Grill your turkey this year! Tuscan grilled turkey is rubbed with rosemary and citrus zest, then grilled to golden brown on the outside and juicy on the inside.
Course Main
Cuisine Italian
Prep Time 1 hour 30 minutes
Cook Time 1 hour
Total Time 2 hours 30 minutes
Servings 10 servings
Calories 450kcal
Author Just a Little Bit of Bacon


  • 12-14 lb whole turkey
  • 4-6 tbsp unsalted butter
  • 4 tbsp chopped fresh parsley
  • 1 tbsp chopped fresh thyme
  • 2 tbsp chopped fresh rosemary
  • 2 tsp lemon zest
  • 1 tbsp olive oil


  • NOTE: Prep time depends on whether you need to brine the turkey or not! If you are brining, you will need to begin the day before when you rub the turkey with salt.
  • Butterfly (or spatchcock) the turkey by cutting out the backbone and cracking the breastbone. (See this post for photos.) Reserve the backbone and any trimmings you have for making turkey stock.
  • Loosen the skin over the breast and flatten a tablespoon or two of butter in between the skin and breast meat. Mix together the herbs, lemon zest, and olive oil in a bowl. Rub the turkey all over with the herb mixture and let it rest for 1 hour at room temperature.
  • Preheat the grill. Once the grill is hot, adjust the grill so that it maintains a temperature of around 425F. If you can, make a two level fire so that the outer parts of the grill are hotter than the middle.
  • Transfer the turkey to the grill so that the turkey is skin side up and the breast of the turkey is over the coolest part of the grill. Close the cover and grill the turkey until the breast reaches 150F and the thighs reach 165F. This will take about 1 hour for a 12 lb turkey. At around 20 minutes into the cooking time, melt the remaining butter and use that to baste the turkey 3 or 4 times while the turkey grills.
  • When the turkey is done, transfer it to a cutting board and let it rest for 15-20 minutes before carving.

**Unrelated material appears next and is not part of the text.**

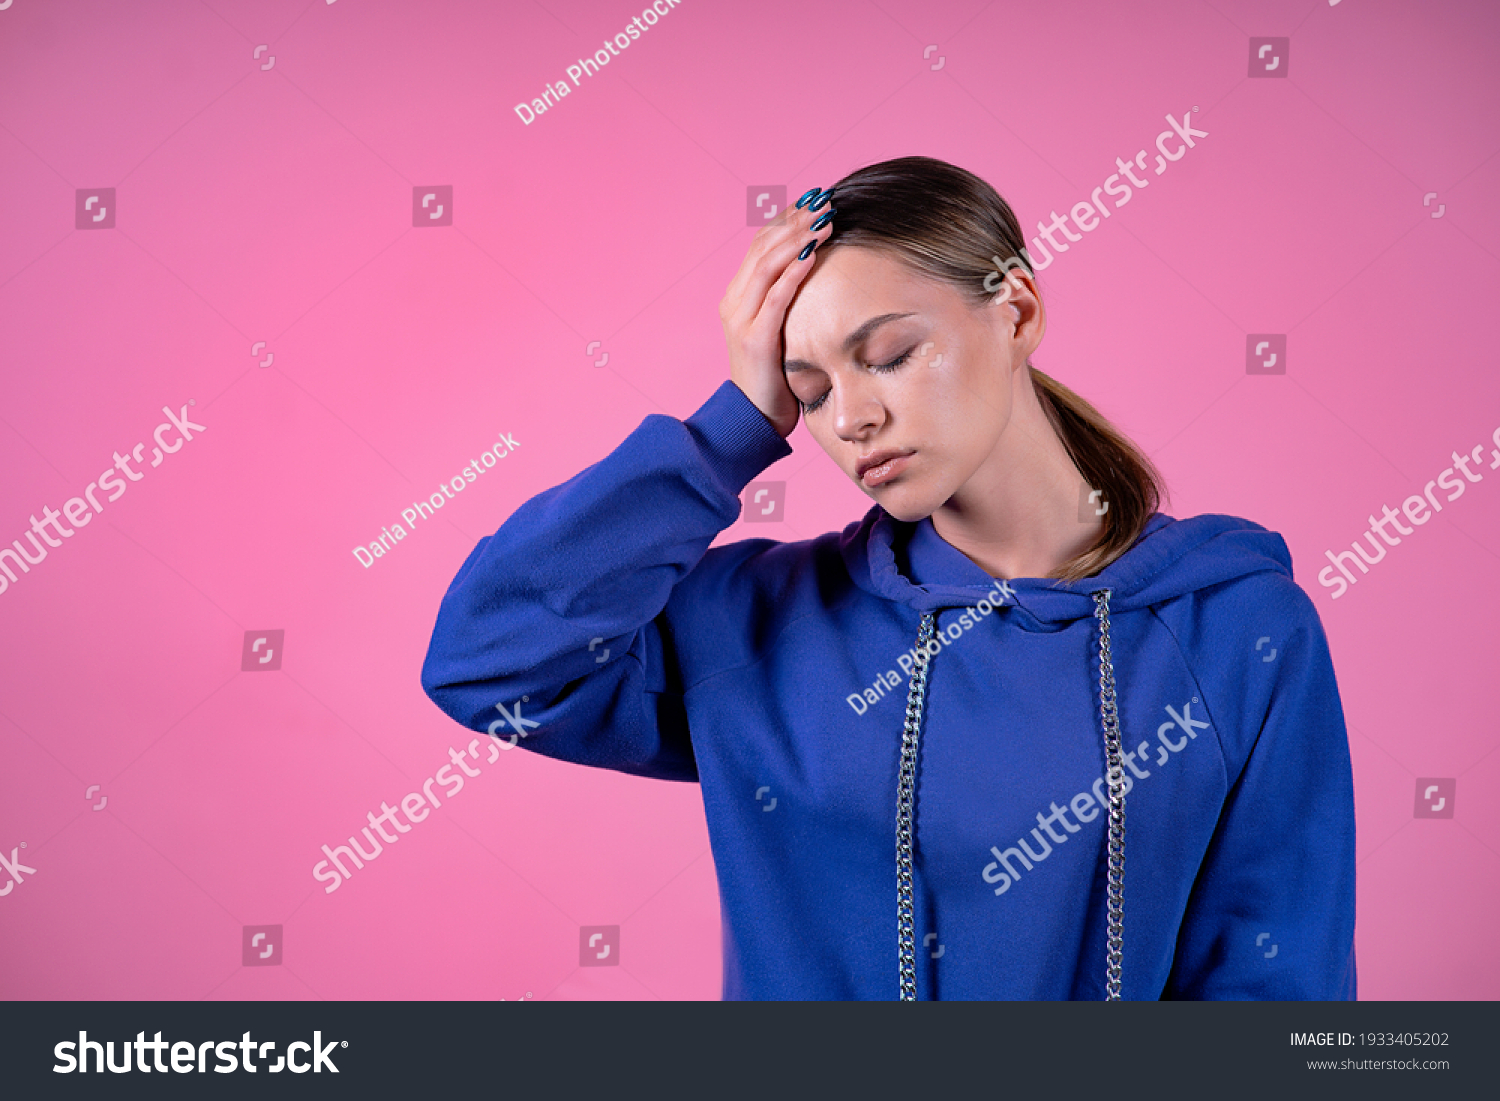 Tired, sick, emaciated girl, young sleepy woman suffering from headache, migraine, lack of sleep, holding her forehead with her hand. Insomnia, fever, health care concept. On pink isolated background #1933405202

Depending on what sort of turkeys you can find in the store, you may or may or may not need to brine. If you have a turkey which has been injected with a brine solution, go right onto rubbing the turkey with herbs. If you have a natural turkey, rub the turkey liberally all over with kosher salt and let it brine for 12-24 hours.
Transferring the turkey to and from the grill can be tricky since there is very little holding the legs to breast. If you have a rack you don't mind using on the grill, you can set up the turkey on the rack and just transfer the rack around. I don't have such a rack so I carefully lifted the turkey onto the grill with my hands and then used a combination of spatulas, tongs, and my daughter to help me transfer the turkey to the serving dish.
I didn't get pictures of the spatchcocking or cutting process; however I do have a link which goes through it step by step. The cutting of the breast meat in particular is useful information and the way we have been doing it for years.
I've found that using a knife to cut along both sides of the backbone before using the shears is very helpful and makes the cutting easier.